Treasury EV tax credit guidelines: What’s clarified, what’s missing

Even so, how Treasury decides to define and enforce the law’s foreign entity of concern provision “will make or break the national security benefits,” said Robbie Diamond, CEO of SAFE, a Washington-based energy security organization.

How strictly Treasury decides to implement the provision also could be a “red light” to broader vehicle eligibility, said Boylan, noting that the department might choose to lean on a proposed definition in the CHIPS and Science Act.

Under that definition, a foreign entity of concern could include any person or company “who directly or indirectly through any contract, arrangement, understanding, relationship or otherwise, owns 25 percent or more of the equity interests” of a partnership, corporation or foreign political party, among other examples.

“How much exposure is concerning to Treasury?” Boylan asked.

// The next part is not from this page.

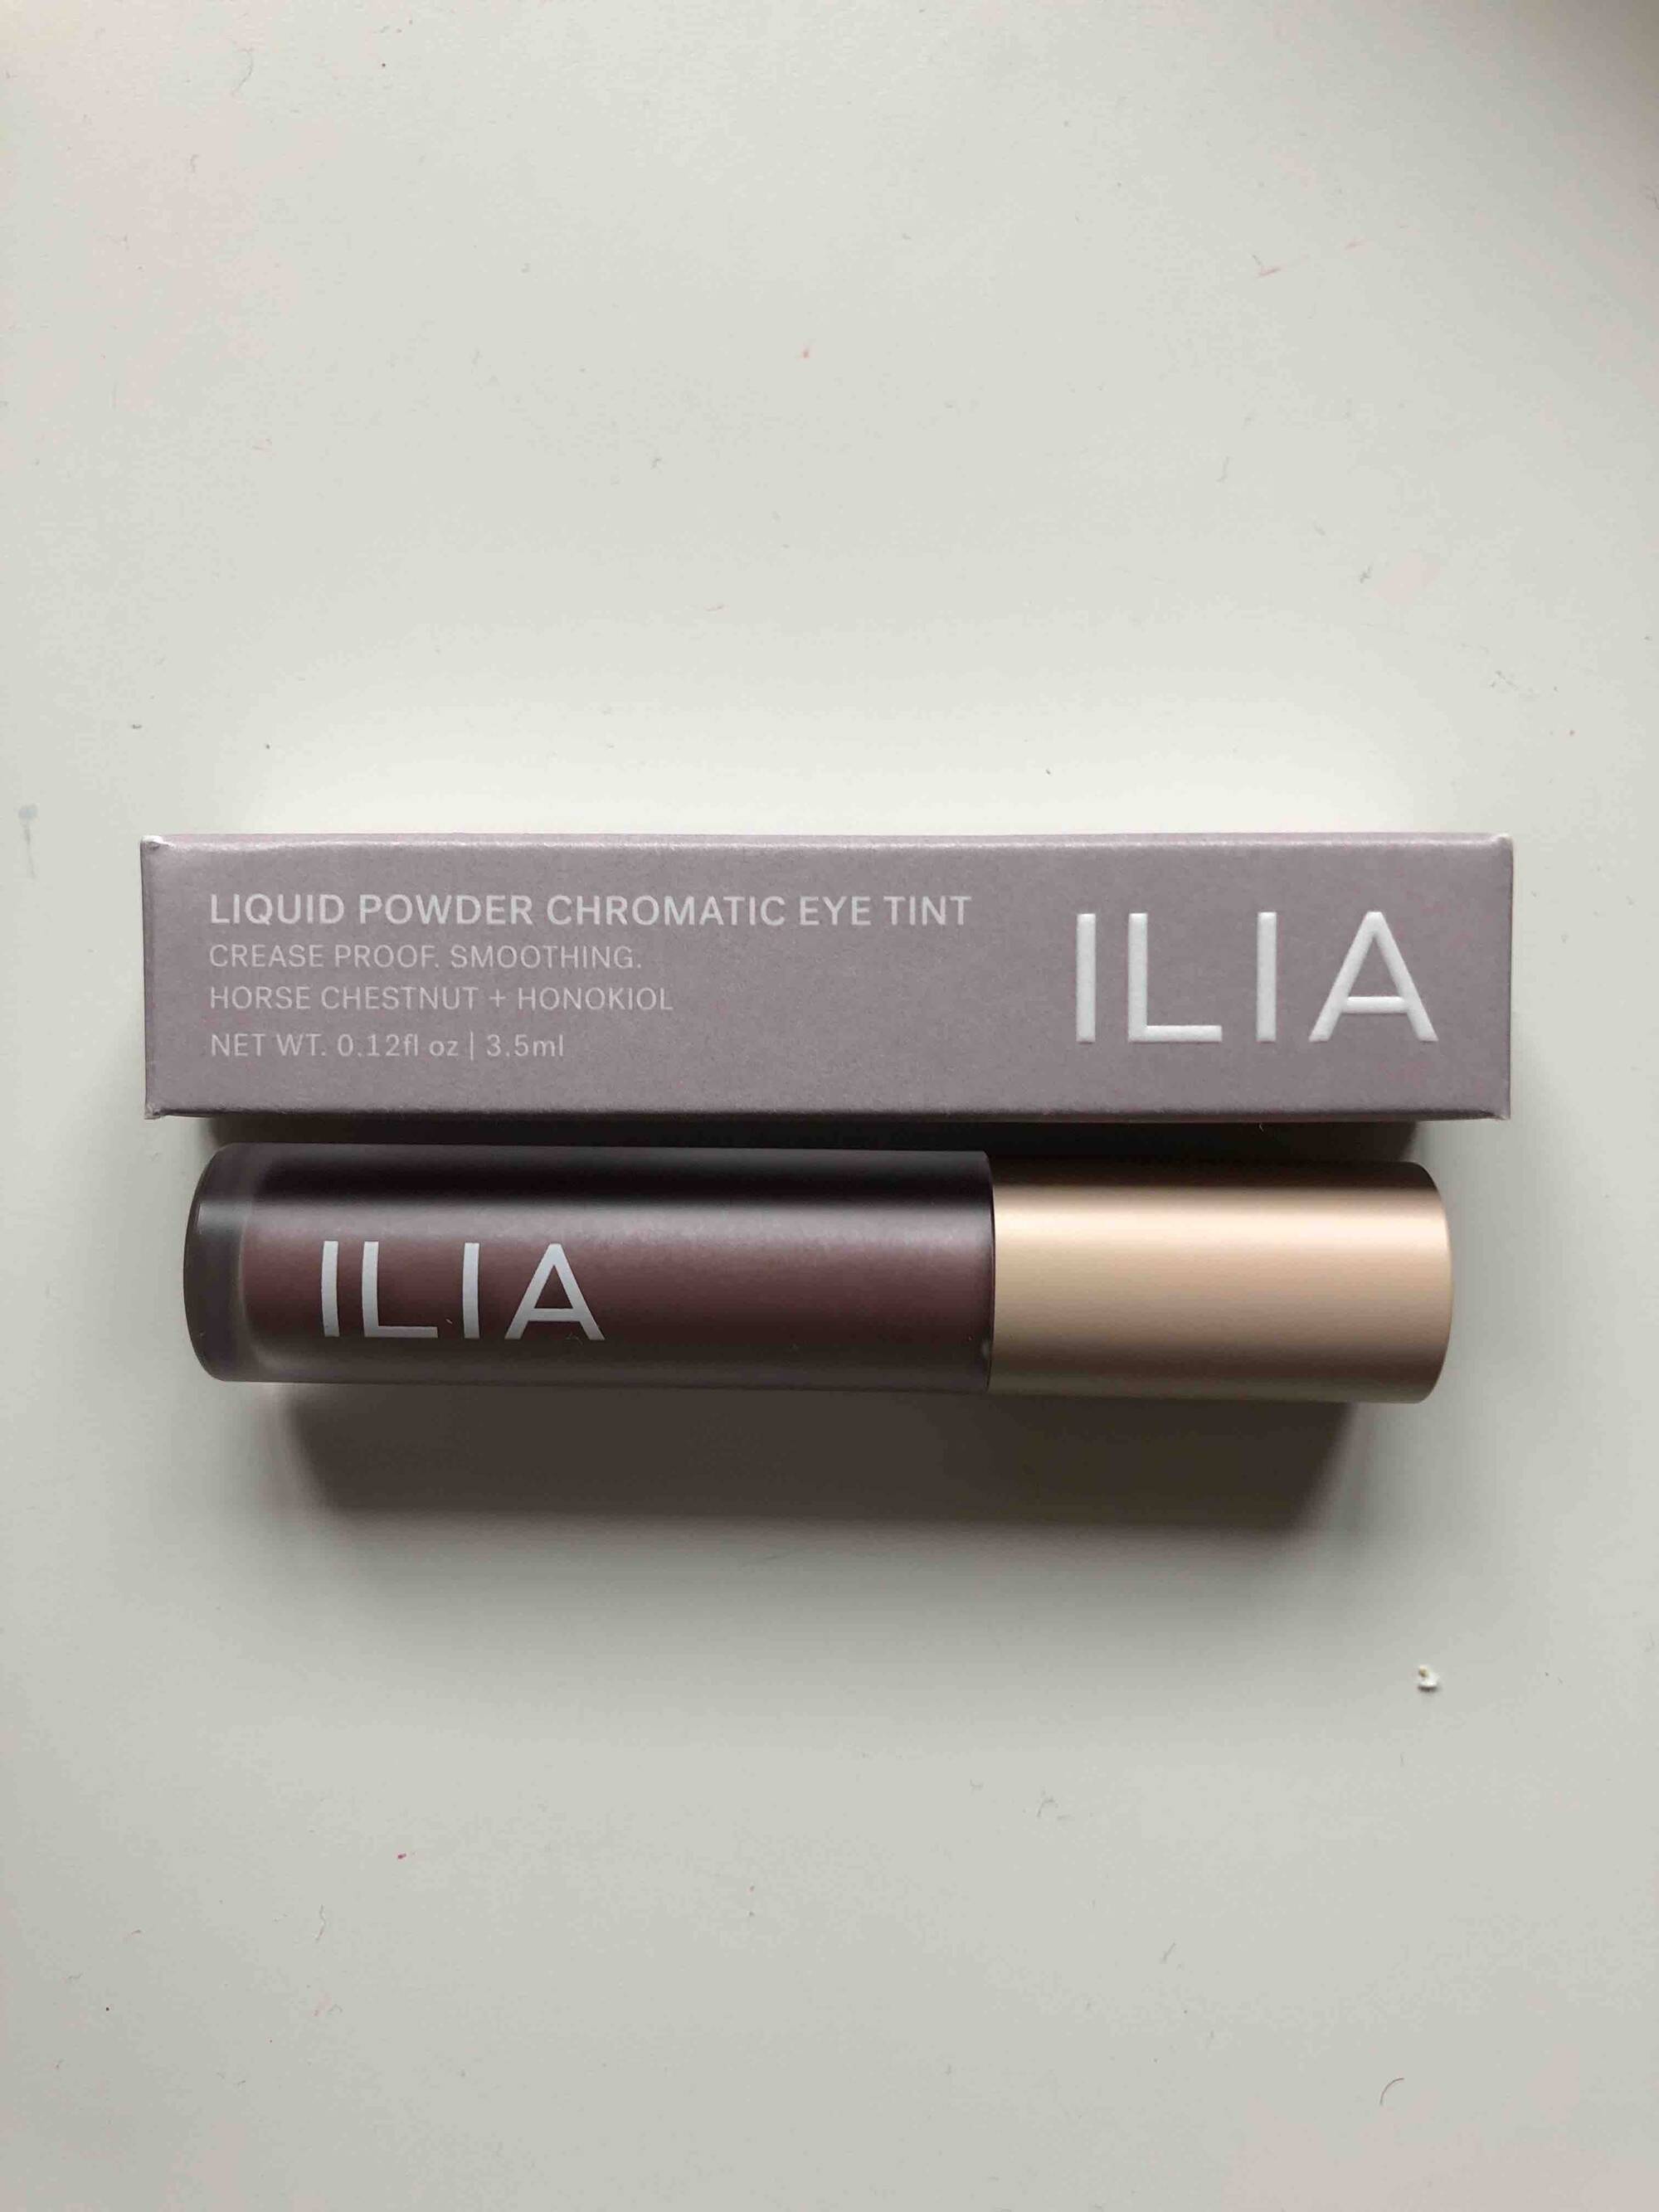 ILIA - Liquid powder chromatic eye tint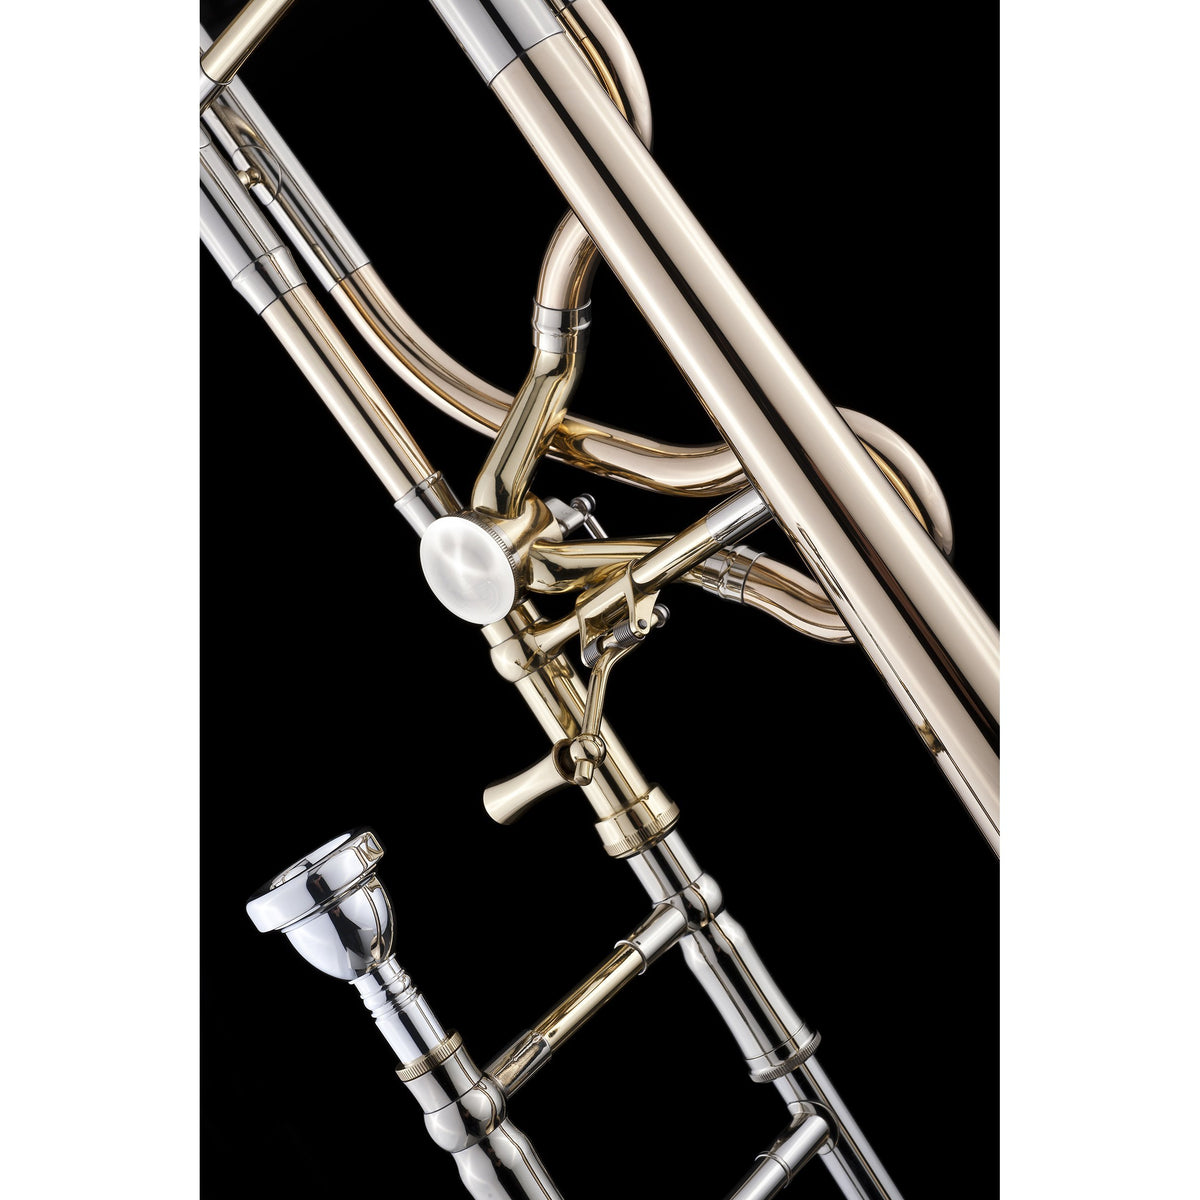 Schagerl - Meisterinstrumente - Fontana Tenor Bb/F Trombones-Trombone-Schagerl-Music Elements

While that’s still being determined, some analysts are predicting more EV sales leading up to the stringent sourcing rules taking effect.

“Very short term, I think that we’ll see a little bit of a rush ahead of April 18,” said Ben Kallo, senior research analyst at Baird. “Longer term, this is going to be a boost to the overall industry.”

Others, including Alvarez & Marsal’s Brian Irwin, aren’t as optimistic.

“The number of vehicles qualifying will drop on the 18th from where we are today,” said Irwin, who leads the consulting firm’s automotive sector team.

“The more pragmatic question,” he said, “is how is that helpful to drive EV adoption?”